Assignment: The reply should contain the full listing exactly as written and no pictures at all.

Supplied information:
* * * * * * *

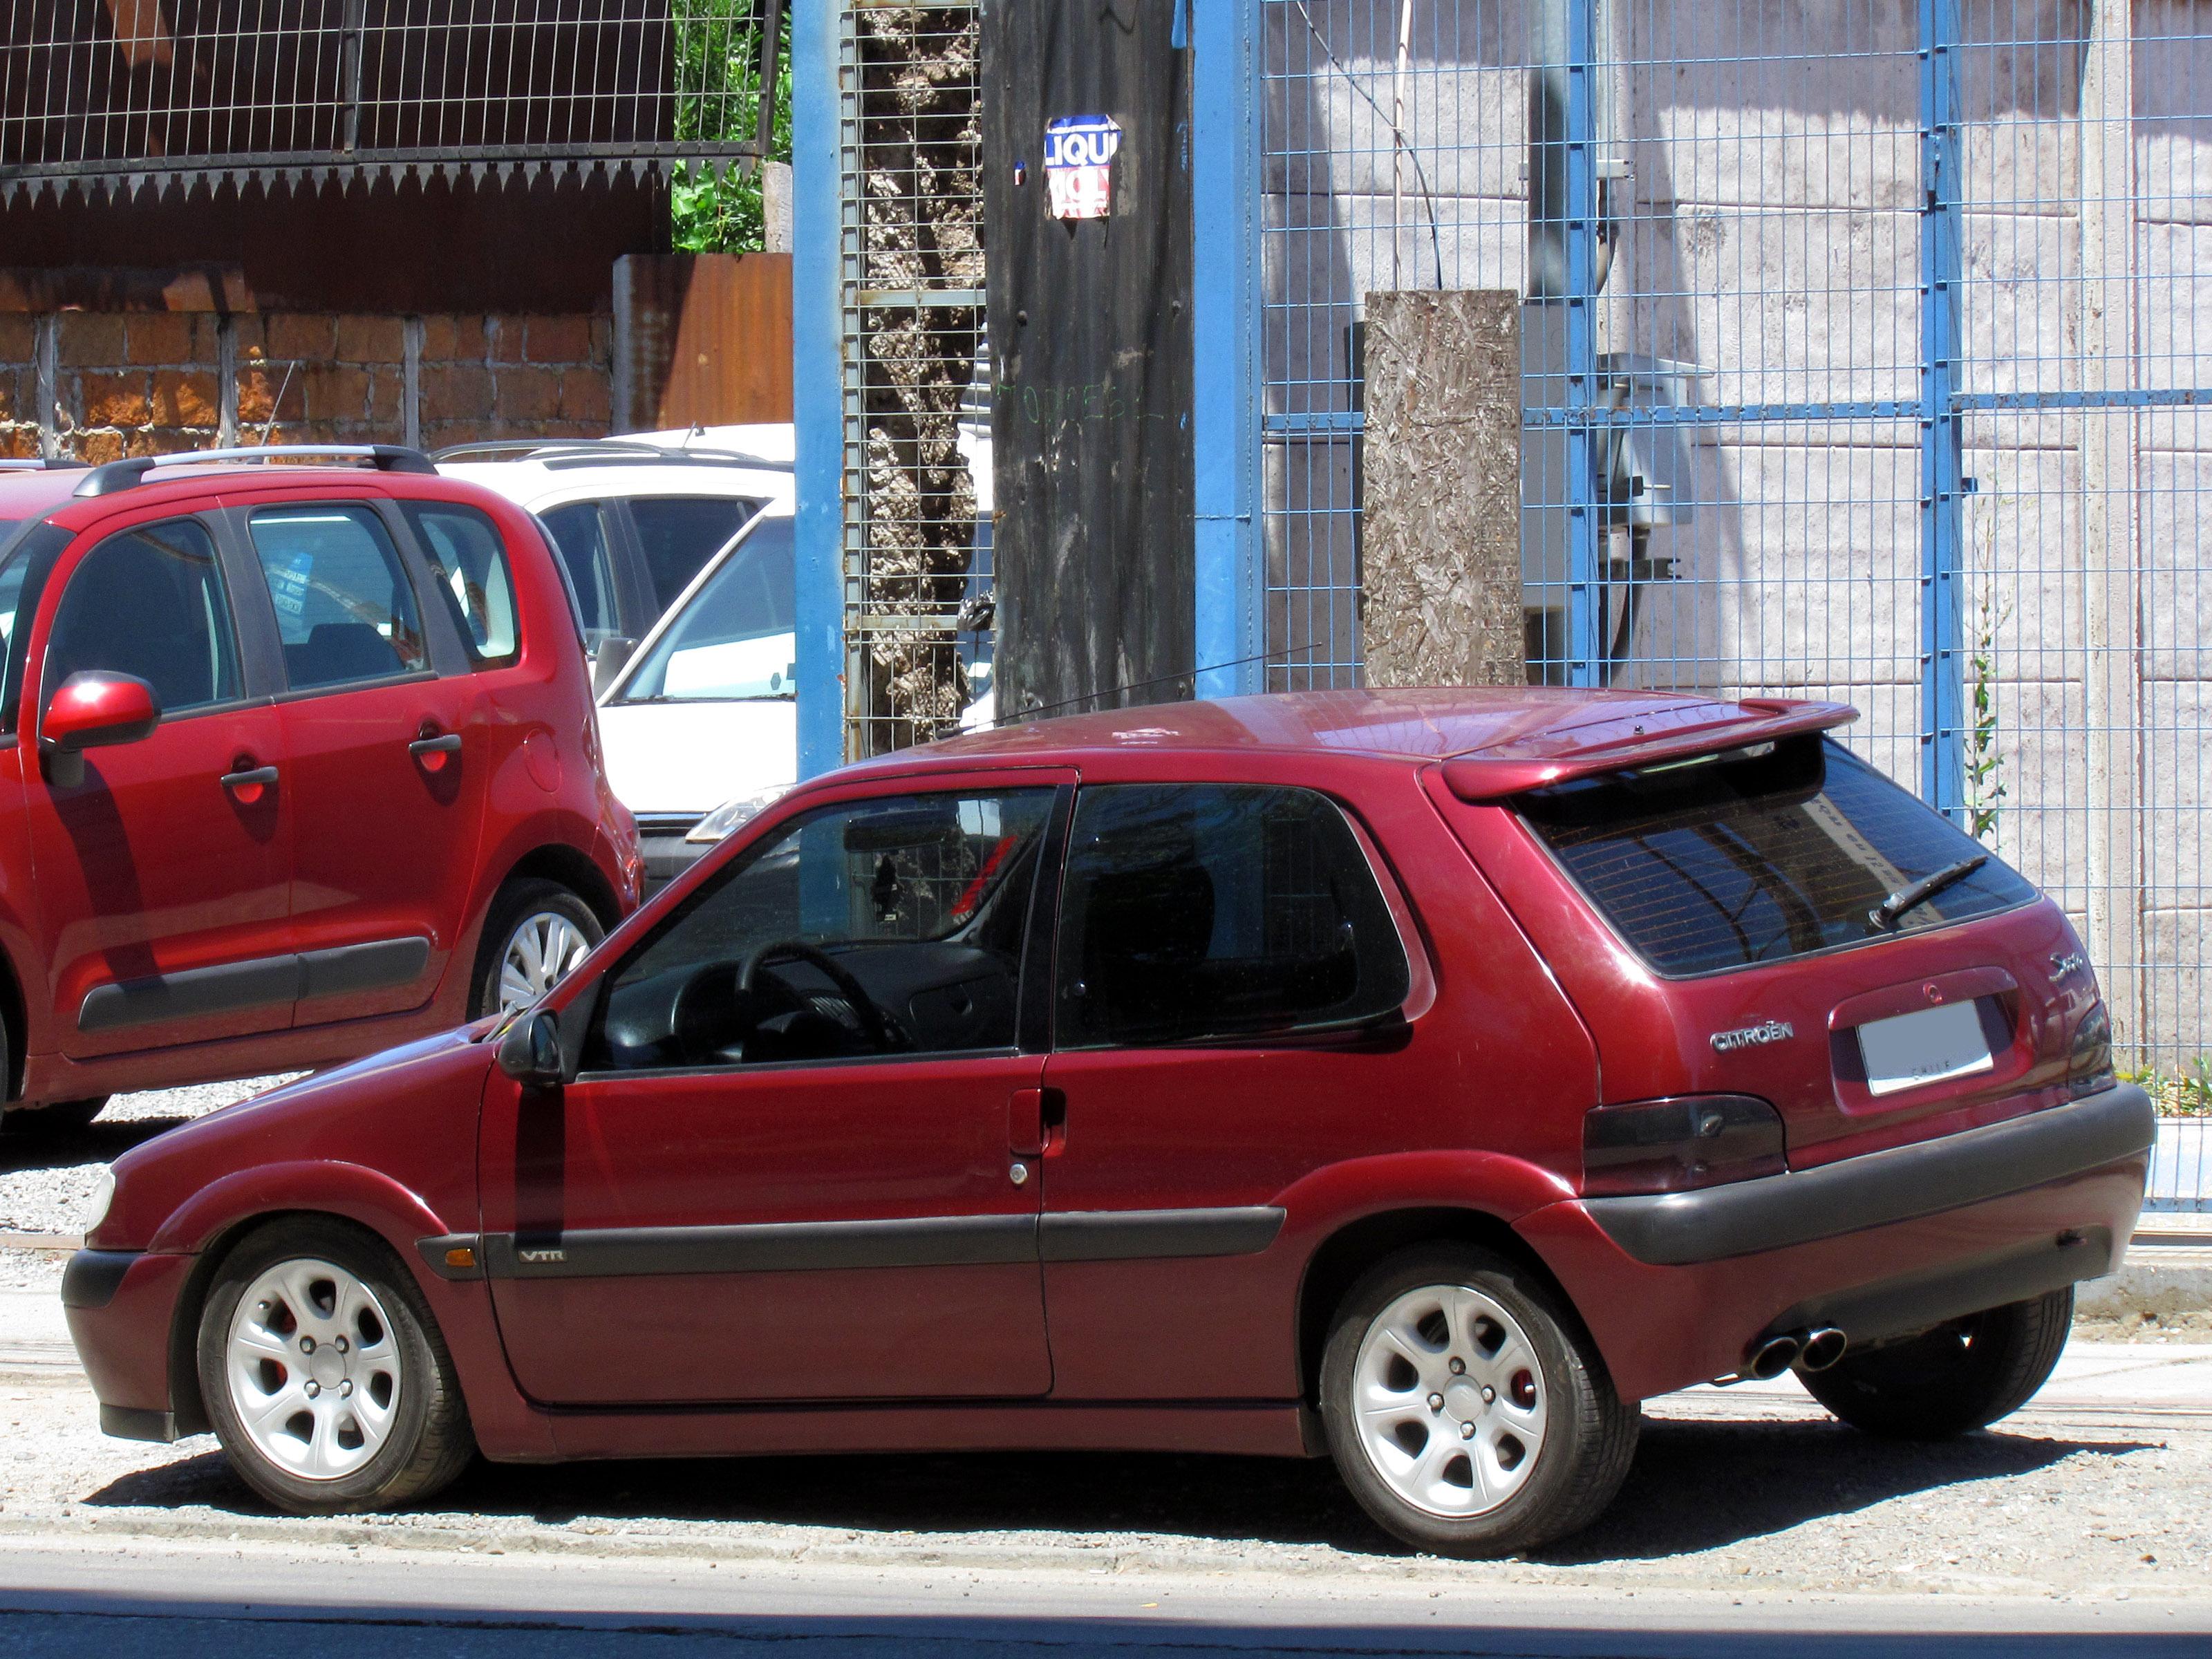 file citroen saxo vtr 1998 15521935623 jpg wikimedia commons rh commons wikimedia org Modified Citroen Saxo Citroen Saxo Belter
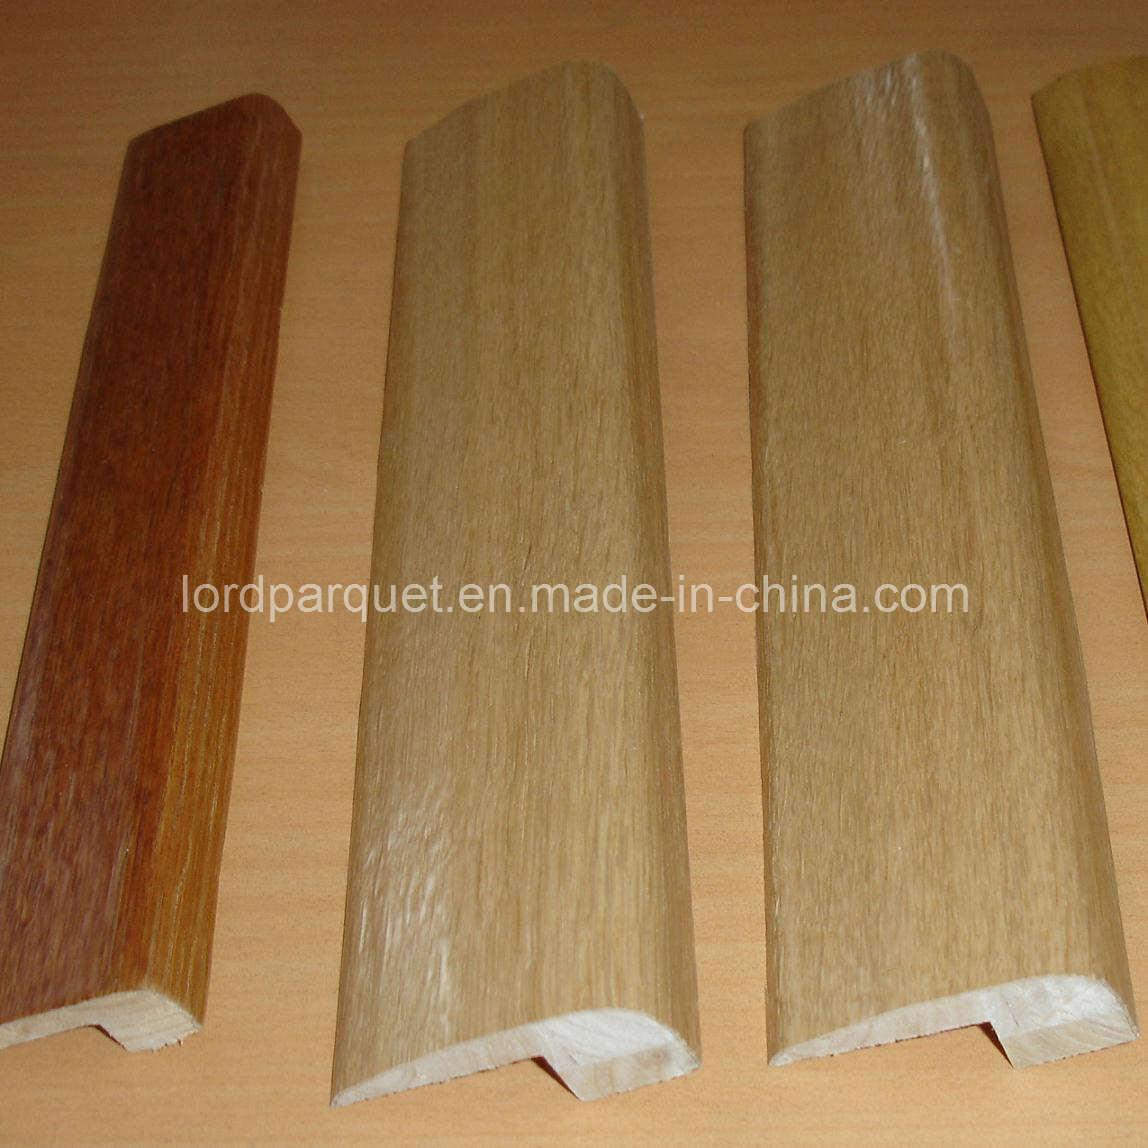 China Wood Floor Molding Ldp M04 China Wood Floor
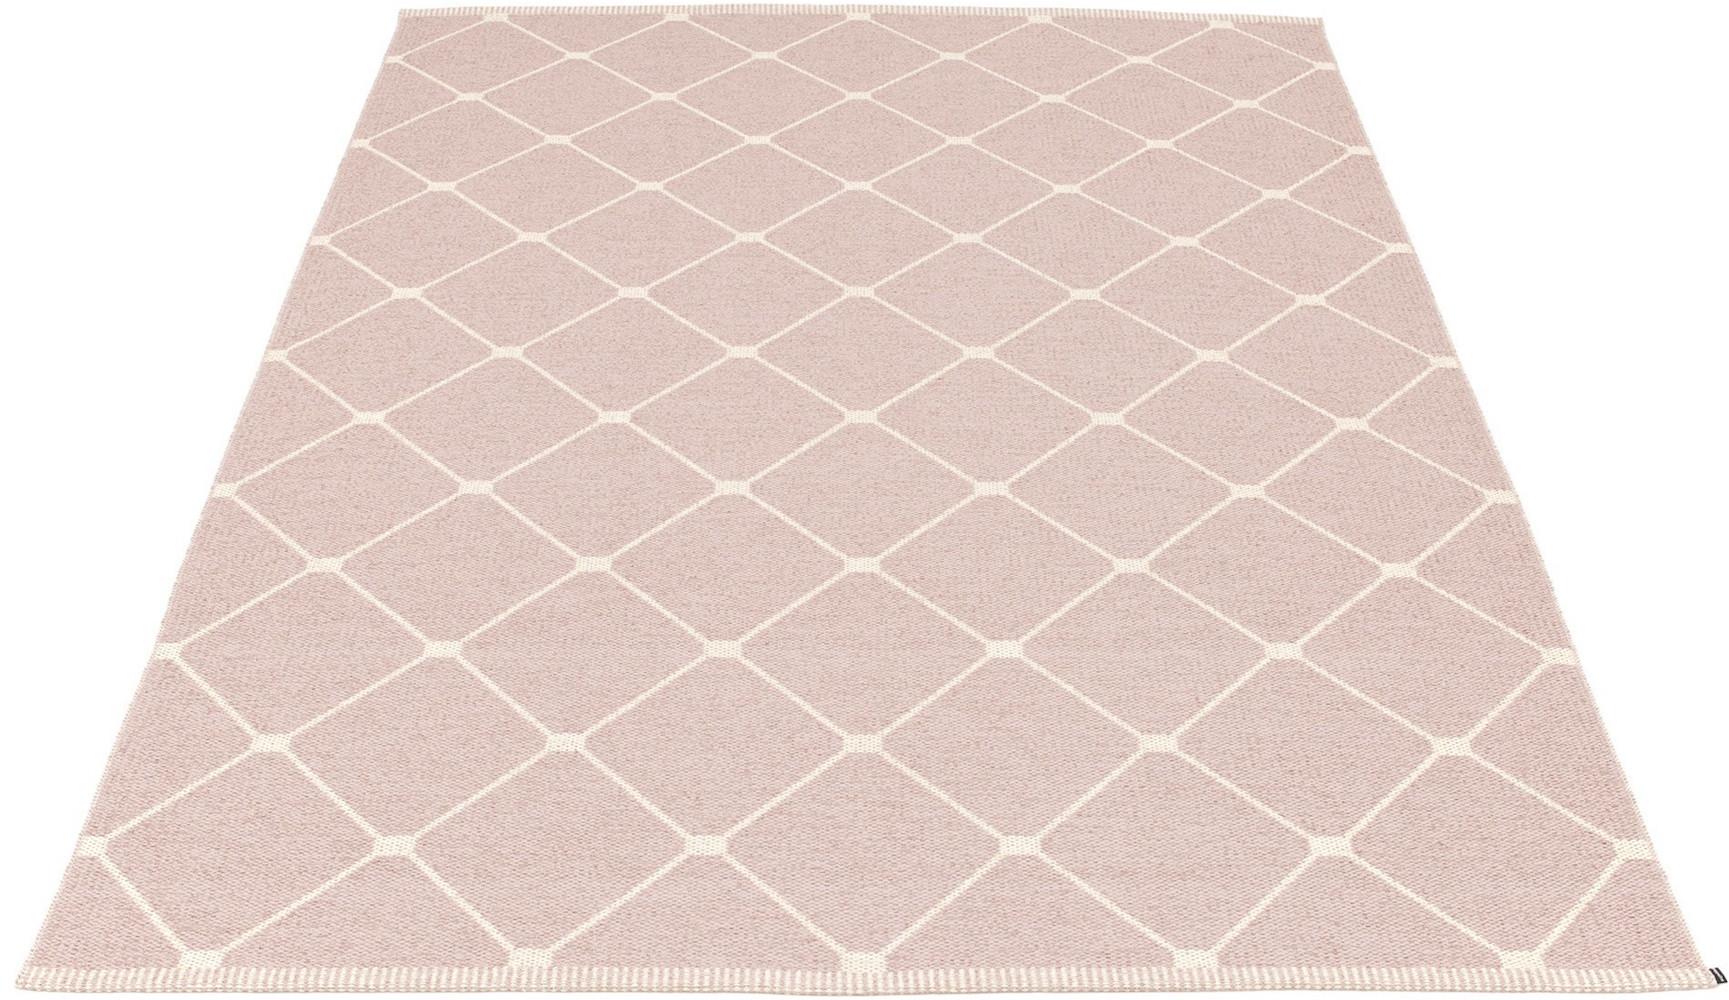 pappelina tapis grand format regina design lina rickardsson. Black Bedroom Furniture Sets. Home Design Ideas

* * * * * * *

Output of the exercise:
 file citroen saxo vtr 1998 15521935623 jpg wikimedia commons rh commons wikimedia org Modified Citroen Saxo Citroen Saxo Belter
 China Wood Floor Molding Ldp M04 China Wood Floor
 pappelina tapis grand format regina design lina rickardsson. Black Bedroom Furniture Sets. Home Design Ideas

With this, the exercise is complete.